Speaker
Description
Plasma turbulence is an inherently multi-scale phenomenon that spans a vast range of spatial and temporal scales. In the solar wind, the inertial-range turbulent cascade extends over nearly four decades in length (from injection scales down to ion characteristic scales), and six decades when including electron characteristic scales. Being able to self-consistently simulate such a dynamics is nowadays computationally impossible, even in two dimensions. Here we present the multi-scale Box-in-Box (BiB) method, an innovative framework we developed to model the plasma dynamics over a massive range of scales. The method hierarchically couples several simulations: the turbulent energy cascade is firstly simulated at very large scales by means of a classic MHD description, then a selected subdoimain (box) of the large simulation is used as initial condition for a second simulation with higher resolution.
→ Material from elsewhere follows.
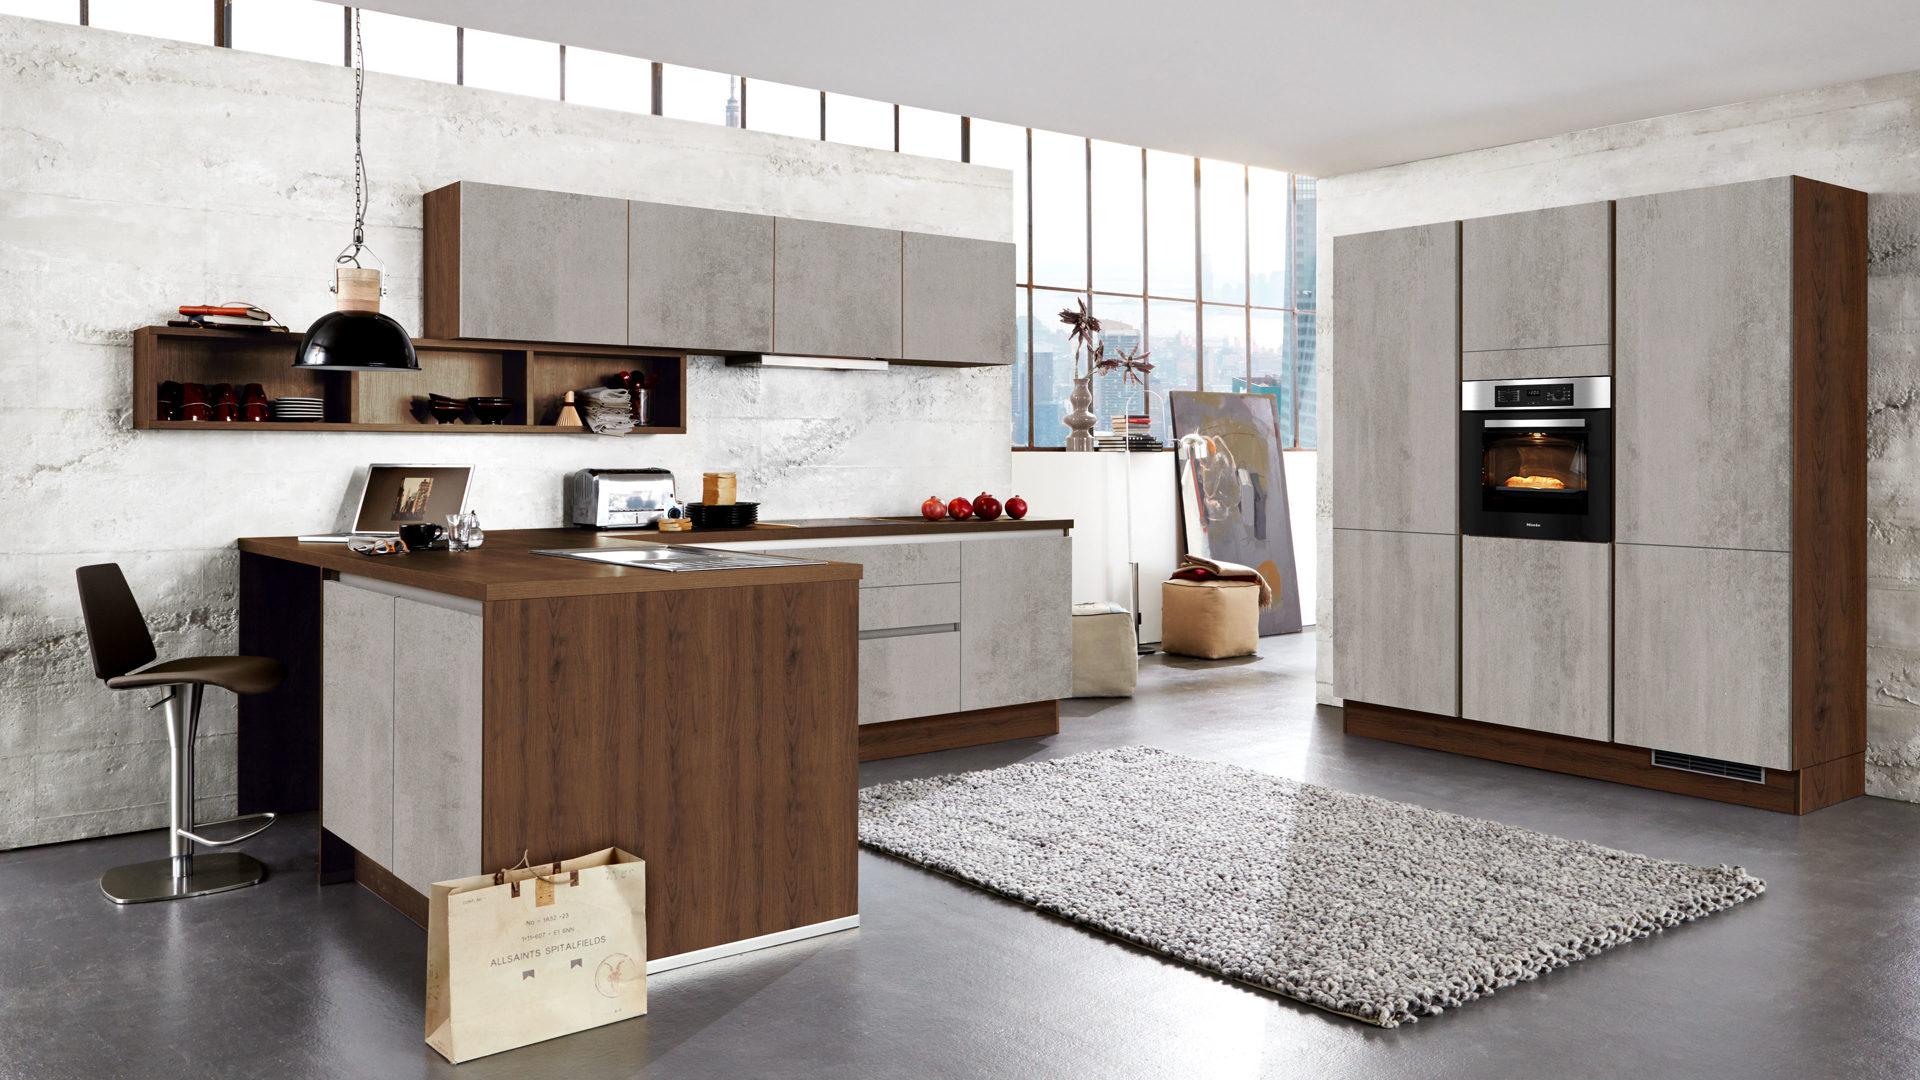 Culineo Küche mit SIEMENS Einbaugeräten, Beton perlgraue & dolomitfarbene  Kunststoffoberflächen, dolomitfarbene Arbeitsplatte

This procedure can be repeated multiple times in sequence, possibly embedding increasingly complex plasma models (MHD, hybrid, and fully kinetic). As a proof-of-concept, we show results of a BIB simulation that reproduce the spectral properties of solar wind turbulence over more than four decades, from the outer correlation scale down to sub-ion scales, by coupling one MHD simulation and two Hall-MHD simulations. The BiB approach preserves key turbulent features, such as the cross-scale energy transfer, while reducing the computational costs by roughly ten thousand times. This methodology opens new pathways for addressing fundamental questions in space and astrophysical plasmas, enabling self-consistent exploration of turbulence across a range of scales that were previously concurrently inaccessible.